R² (Coefficient of Determination)
# Calculate R²
ss_res = np.sum((y_test - y_pred)**2) # Residual Sum of Squares
ss_tot = np.sum((y_test - np.mean(y_test))**2) # Total Sum of Squares
r2_score = 1 - (ss_res / ss_tot)
r2_score
np.float64(0.9999999997701359)
The R² score is ~0.999999997, which is extremely close to 1.
This means that the model explains almost 100% of the variance in the target variable.
The predictions are highly accurate, with almost negligible error.
It's an excellent fit, suggesting that the closed-form linear regression model is performed exceptionally well.

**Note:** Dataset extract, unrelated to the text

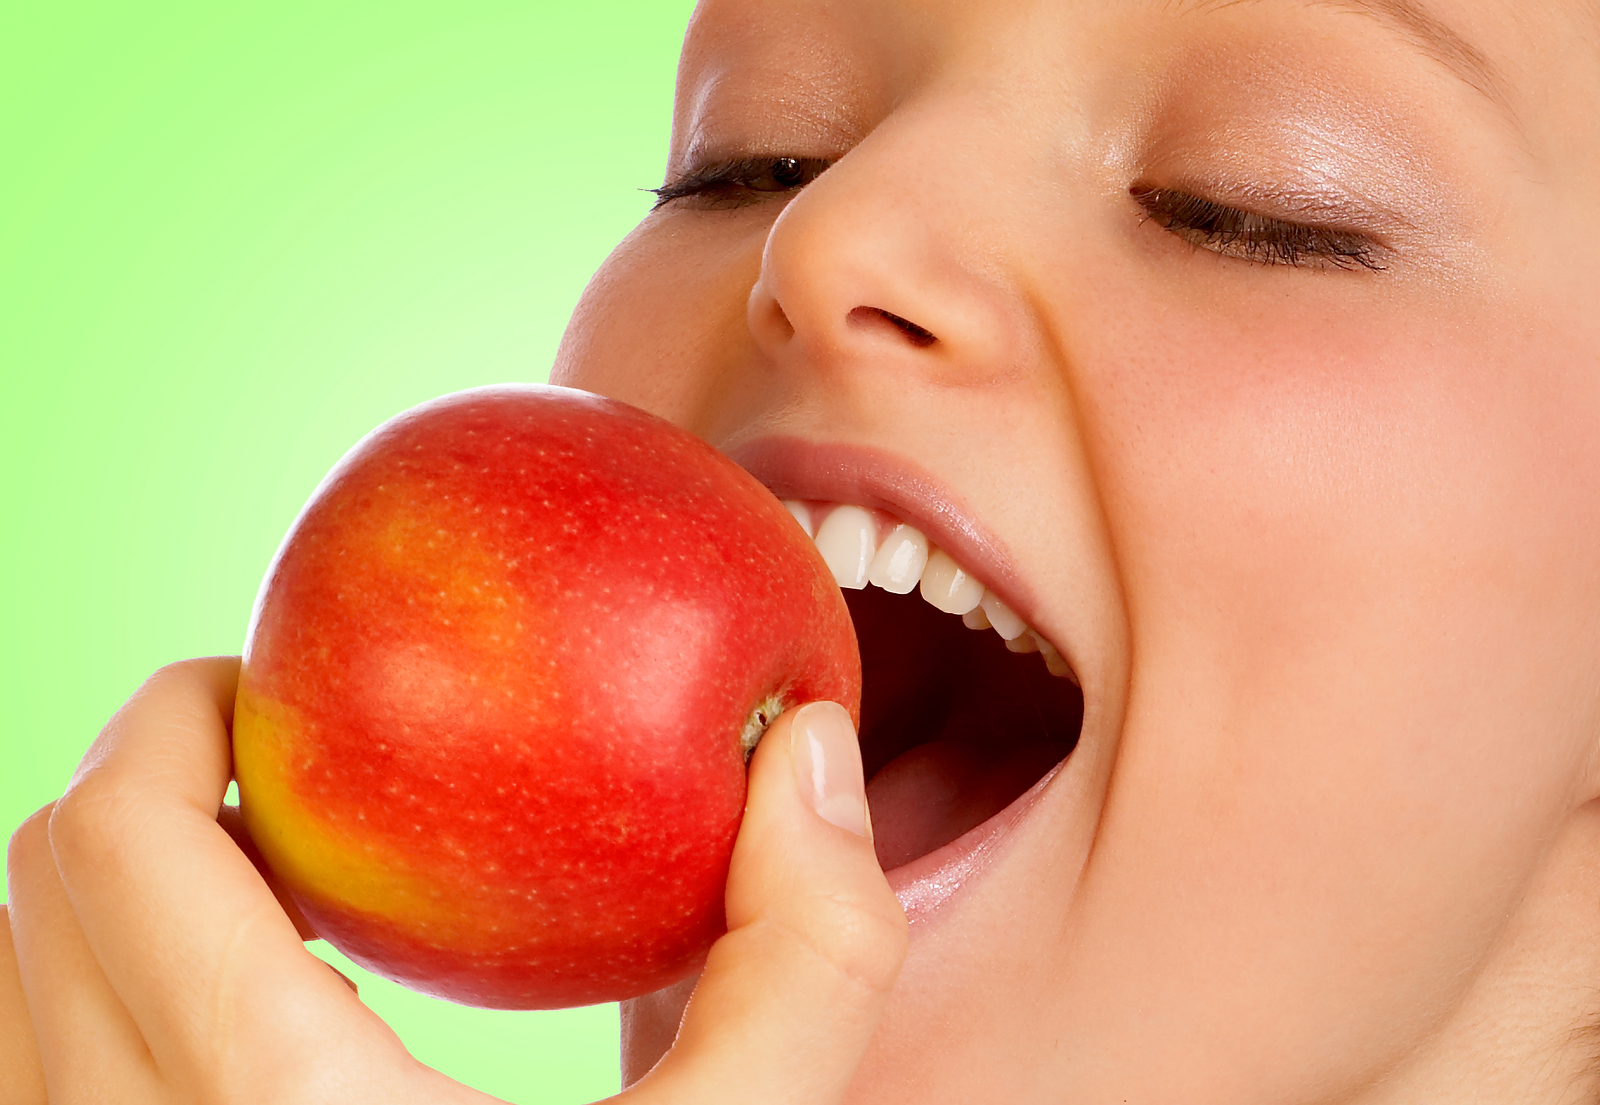 Ένα μήλο την ημέρα τη χοληστερόλη κάνει πέρα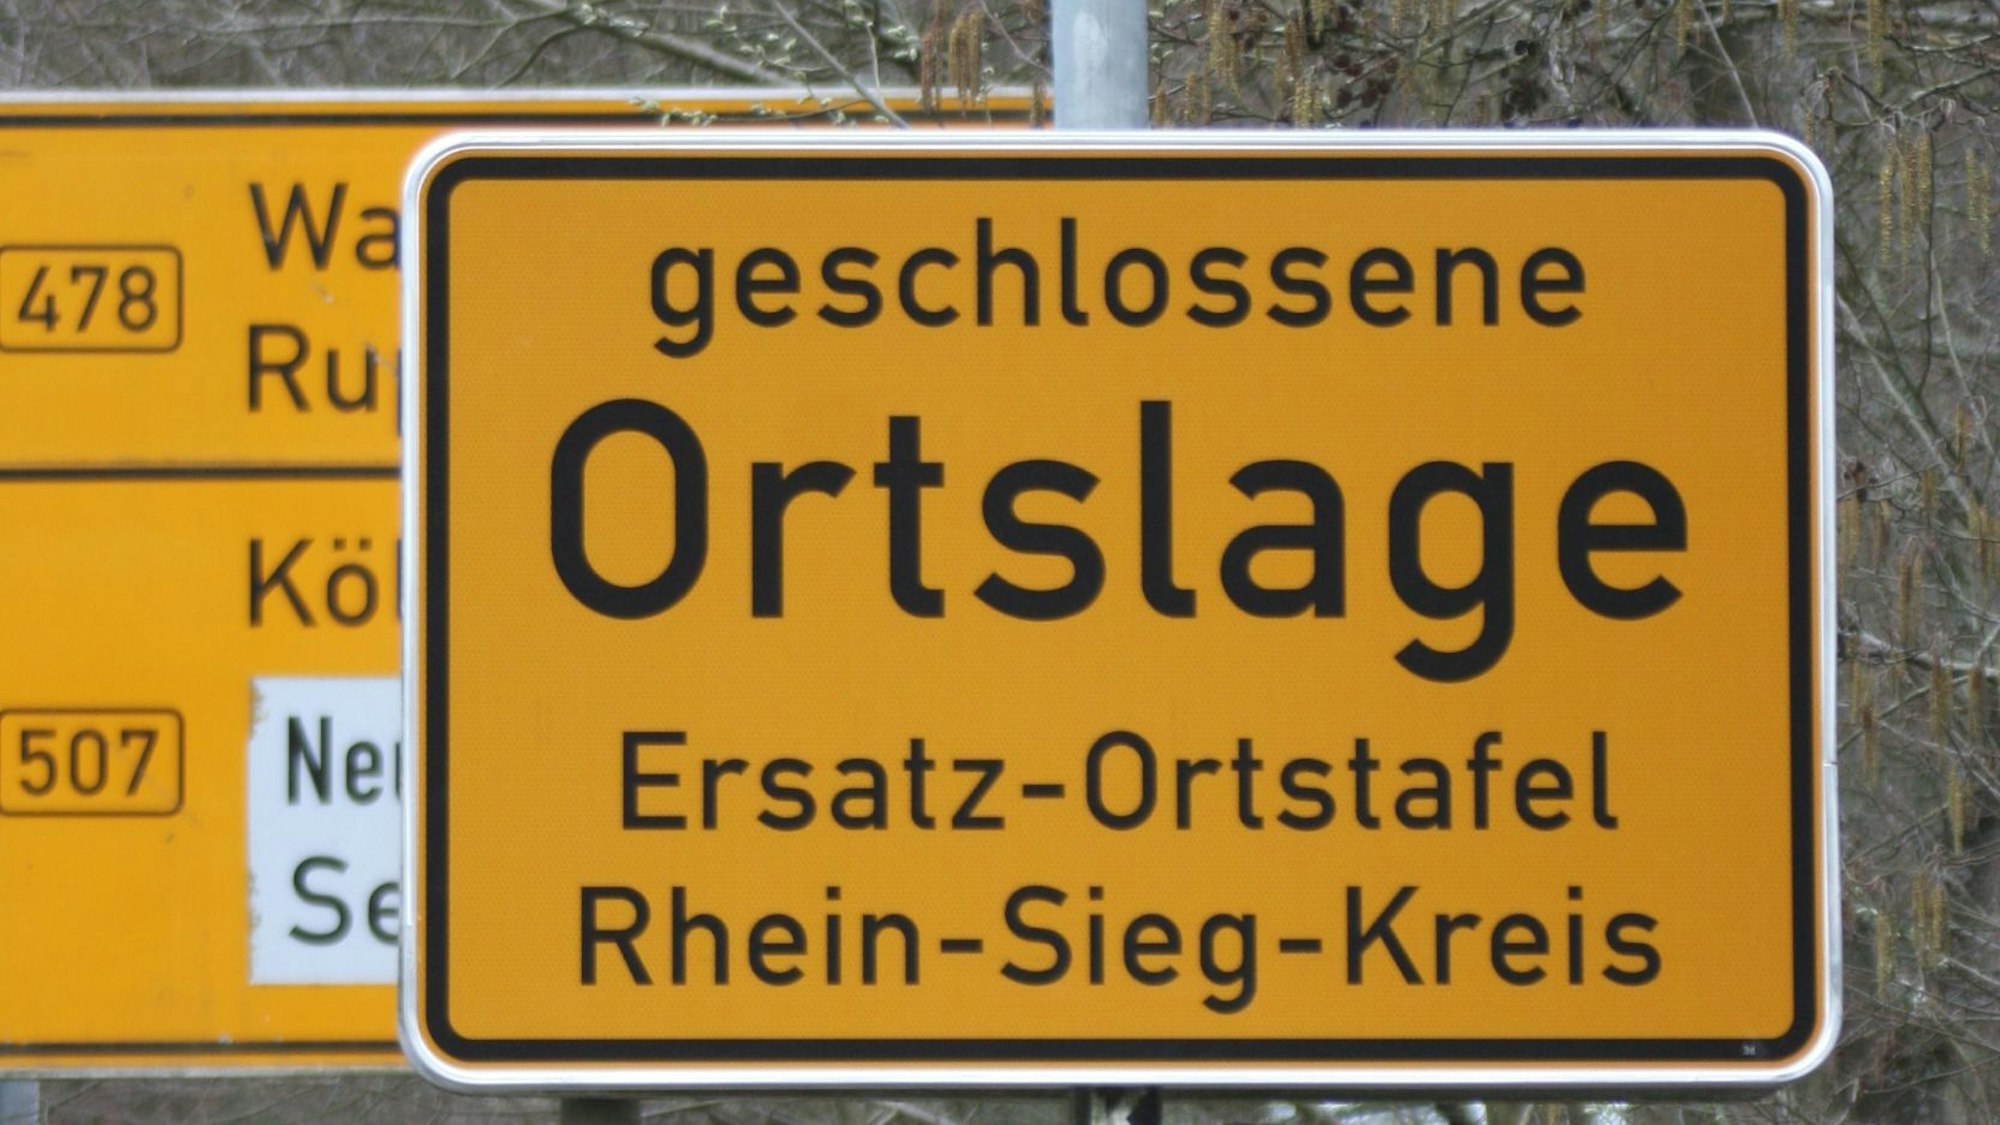 Am Ortseingang von Ingersauel haben Unbekannte das Schild gestohlen, das den Beginn der geschlossenen Ortschaft anzeigt.

Drawbacks of the Closed-Form Equation¶
While the closed-form solution (also known as the normal equation) provides an exact answer to the linear regression problem, it comes with several important drawbacks that make it less ideal in many real-world scenarios:
1. Poor Scalability with Large Datasets:
The closed-form approach involves computing the inverse of $ X^T X $, which has a time complexity of O(n³) (where n is the number of features). This becomes computationally expensive and inefficient as the dataset grows, making it unsuitable for high-dimensional or large-scale data.
2. Inversion Issues with Singular Matrices:
If $ X^T X $ is singular or nearly singular—often caused by multicollinearity (highly correlated features) or having more features than samples—the matrix cannot be inverted, causing the closed-form solution to break down.
3. No Built-in Regularization:
Unlike techniques such as Ridge or Lasso regression, the closed-form method does not include any form of regularization. As a result, it may overfit the training data, leading to poor performance on unseen data.
4. Memory Intensive:
The process of calculating and storing large matrices, especially for datasets with many features, can be very memory-demanding. On typical machines, this could lead to slow performance or memory errors.
5. Numerical Instability:
Computing the inverse of a matrix can introduce floating-point precision errors, particularly if the matrix is ill-conditioned. This can result in unreliable or unstable predictions.